The other way for bar charts is barplot() function.

f, ax = plt.subplots(figsize=(7, 5))

sns.barplot(
    data=diamonds, 
    x="color", y="price", 
    ci=99, palette="dark", alpha=.6
)
# ci: Size of confidence intervals to draw around estimated values. 

sns.despine(f)
../../_images/7aa289f0356a1982ec509647c1ef61b4baf81e8576f1bf7a98c6a8fa02882b29.png

1.2.1.5. Box plots#

The box plot is another kind of categorical plots to show the distribution of the data.

g = sns.catplot(
    data=diamonds, kind="box",
    x="cut", y="price", 
    palette="dark", 
    height=6,
    orient="v",
    whis=2,
    fliersize=0.5
)
# fliersize: Size of the markers used to indicate outlier observations.
# whis: Proportion of the IQR past the low and high quartiles to extend the plot whiskers.

g.despine(left=True)
g.set_axis_labels("Cut", "Price")
<seaborn.axisgrid.FacetGrid at 0x2bd80377ac0>
../../_images/b0ab7bb865e2844c9f882d912e48e94dfa42021b5837a5e54843c15f0d0490d2.png

Alternatively,

f, ax = plt.subplots(figsize=(7, 5))

sns.boxplot(
    data=diamonds, 
    x="cut", y="price", 
    palette="dark", 
    orient="v",
    whis=2,
    fliersize=0.5
)
# fliersize: Size of the markers used to indicate outlier observations.
# whis: Proportion of the IQR past the low and high quartiles to extend the plot whiskers.

sns.despine(f)
../../_images/3f87688a3ec179bed5c80c2939a7b11849d5979391d9fbe251806443875f01a7.png

1.2.1.6. Scatter plots#

Scatter plots could be generated by scatterplot(). For example,

sns.scatterplot(data=diamonds, x="x", y="price", alpha=0.1, edgecolor=None)
<AxesSubplot:xlabel='x', ylabel='price'>
../../_images/97ebed5f1bd61f02ce65bfc683f6ab44f026f022254fedc93de4a11469906bc8.png

In addition, Seaborn has a function called pairplot(), which shows the scatter matrix and is extremely useful for multivariate analysis. We use “penguins” dataset for this example.

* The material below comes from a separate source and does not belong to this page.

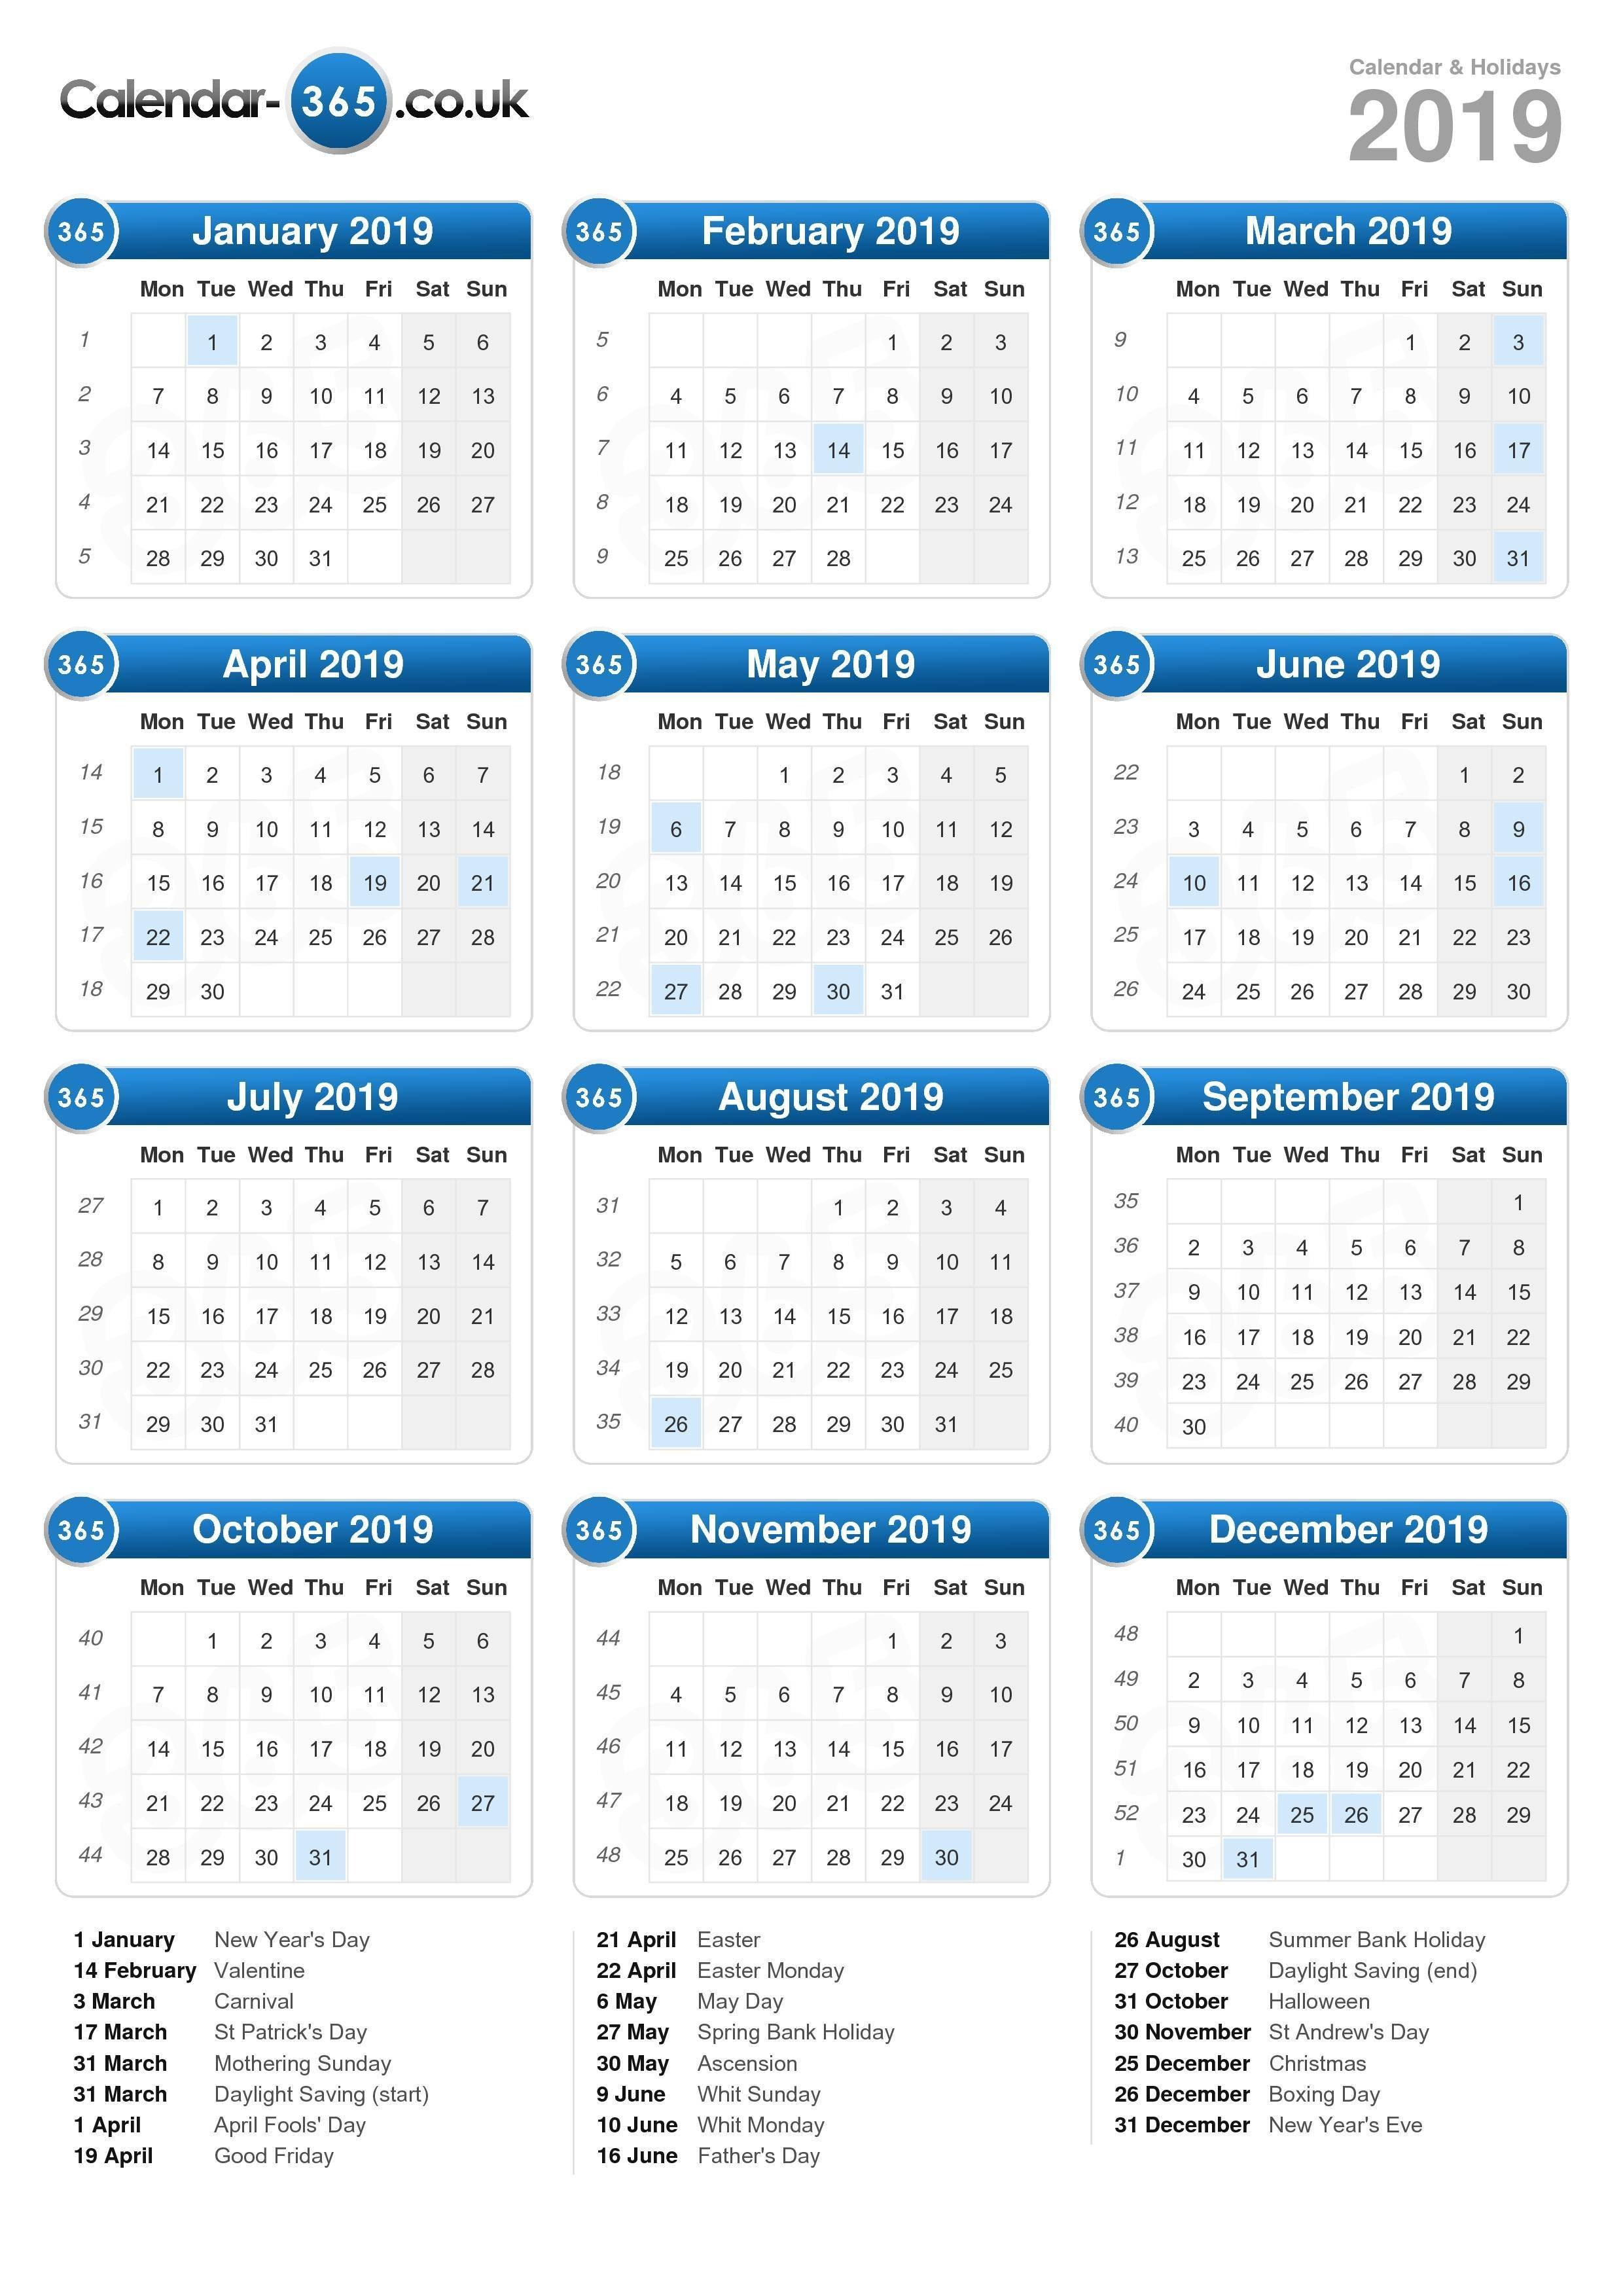 Calendar 2019 Calendar Week 3 2019
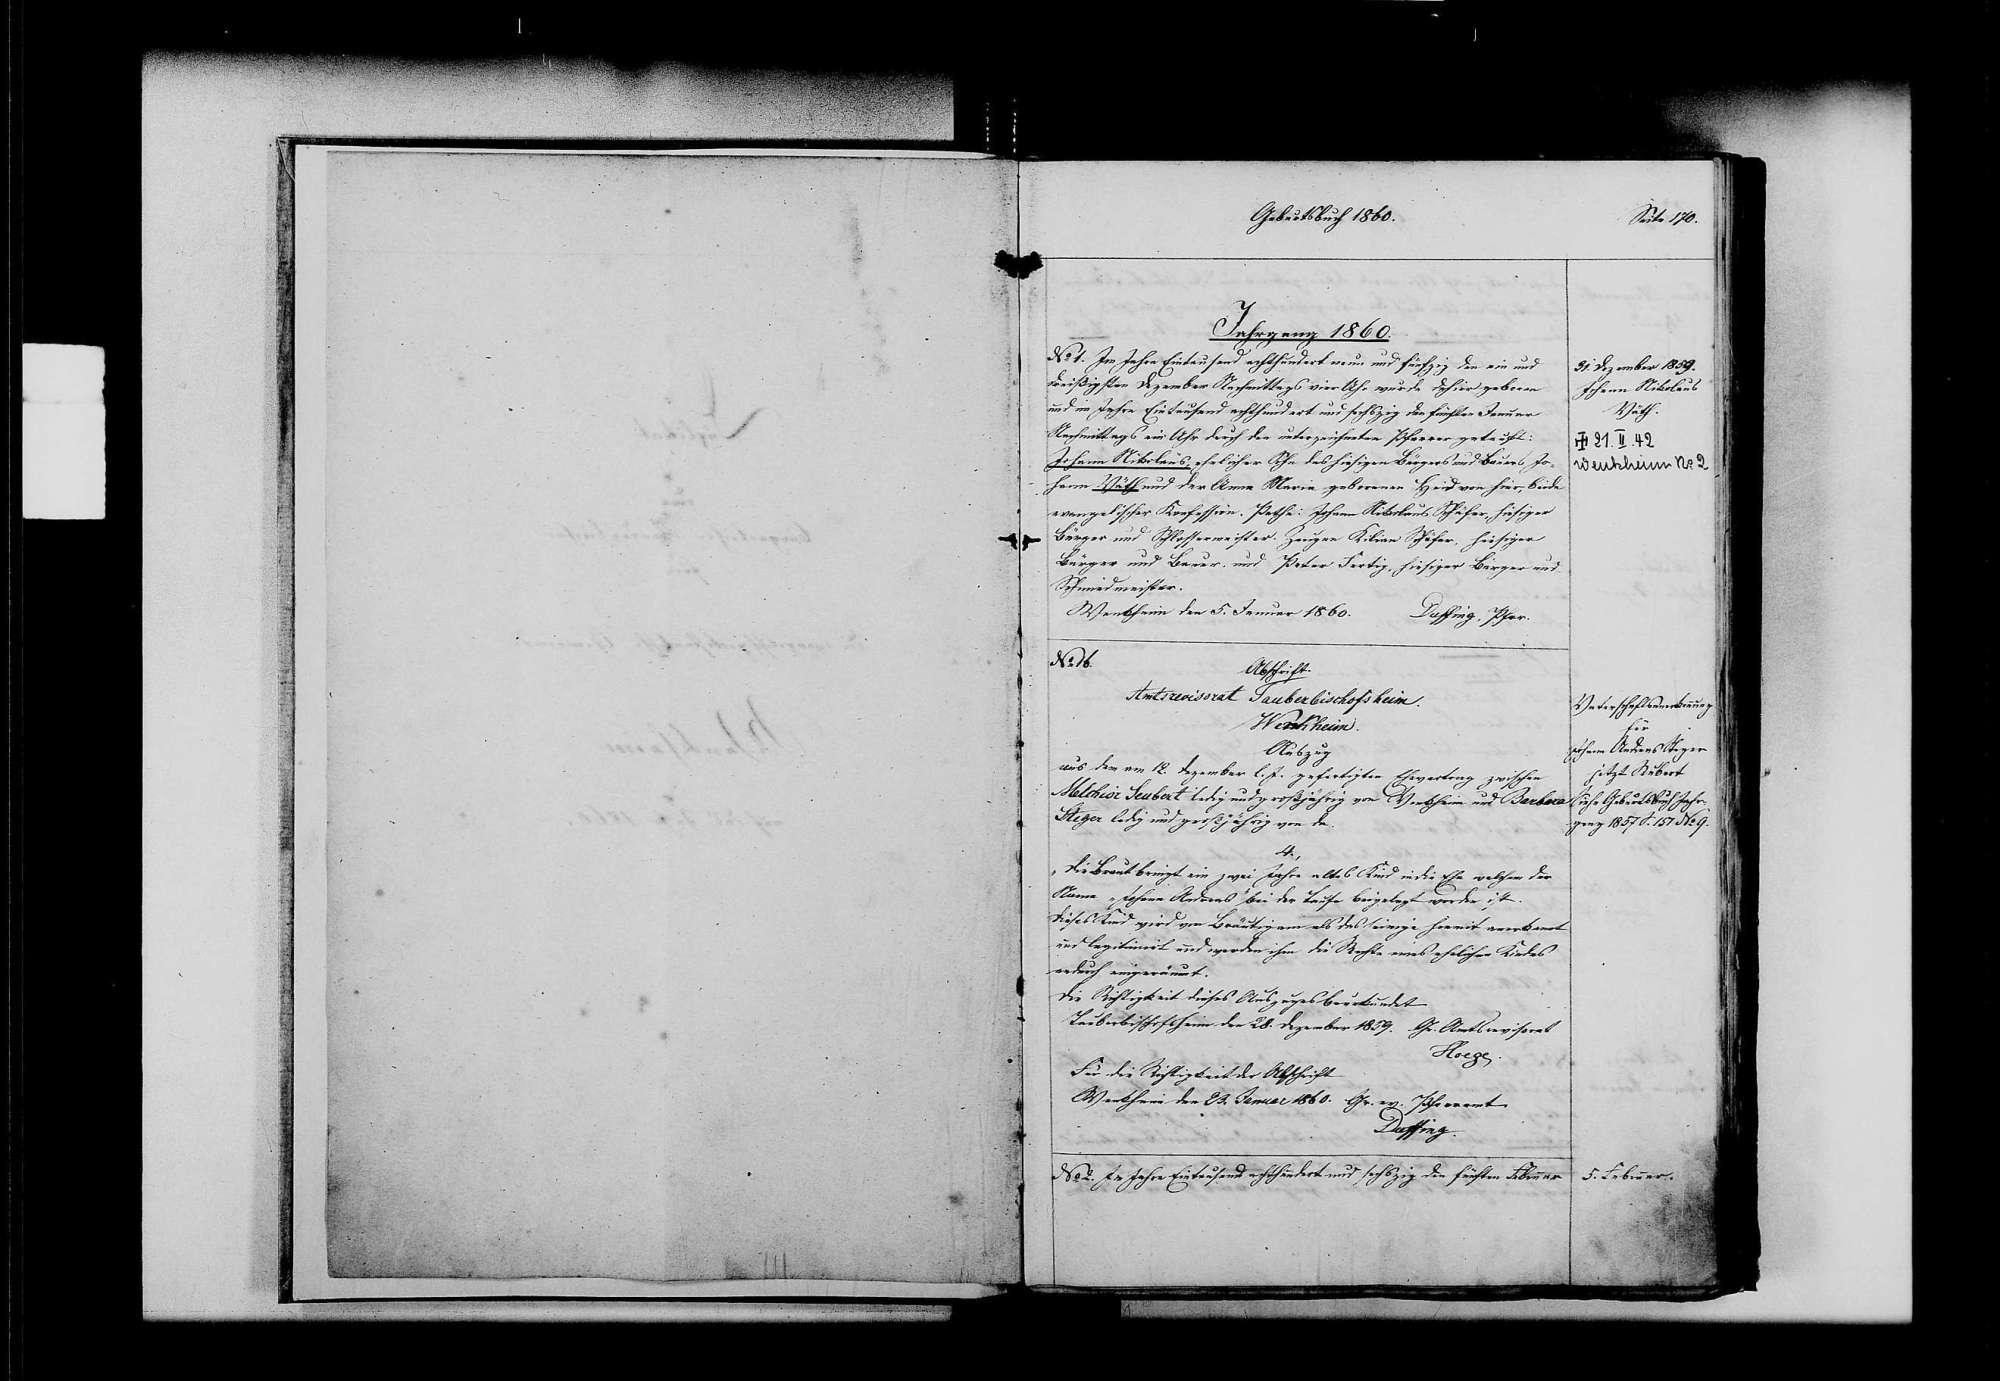 Wenkheim, evangelische, katholische und israelitische Gemeinde: Standesbuch 1860-1870, Bild 3

df = sns.load_dataset("penguins")
sns.pairplot(df, hue="species", markers=["o", "s", "D"])
<seaborn.axisgrid.PairGrid at 0x2bd8d717040>
../../_images/cd1dd917f7b0d1f4d1fdc7b5db03f630de56eba4bb3b7982c2dff3af9abb7786.png

1.2.2. Plotting maps with Cartopy#

Mapping is a special case of a regular plot which usually involves some of these elements:

  • A map projection to transform data from the spherical shape of the earth to screen/paper

  • Additional geospatial features like coastlines, rivers, country boundaries etc.

In this section, we will demonstrate how to plot geospatial maps for climate analysis using Cartopy. Cartopy is a Python package designed for geospatial data processing in order to produce maps and other geospatial data analyses. It makes use of the powerful PROJ, NumPy and Shapely libraries and includes a programmatic interface built on top of Matplotlib for the creation of publication quality maps.

We’ll first introduce a simple example to get you familiar with Cartopy.

1.2.2.1. A simple example#

As usual, we start by importing our modules.

# import packages needed for the example
import numpy as np
import matplotlib.pyplot as plt
import cartopy.crs as ccrs
# plots show in the notebook
%matplotlib inline  

# additional configuration (optional)
plt.rcParams['figure.figsize'] = 12, 6
%config InlineBackend.figure_format = 'retina' 

Then we create some dummy data for plotting.

# define a regularly spaced vector of longitudes
lon = np.linspace(-80, 80, 25)
# Same for latitudes
lat = np.linspace(30, 70, 25)
# we need to create a 2d array of longitudes and latitudes to create 2D data
lon2d, lat2d = np.meshgrid(lon, lat) 

# finally we create some dummy data 
data = np.cos(np.deg2rad(lat2d) * 4) + np.sin(np.deg2rad(lon2d) * 4)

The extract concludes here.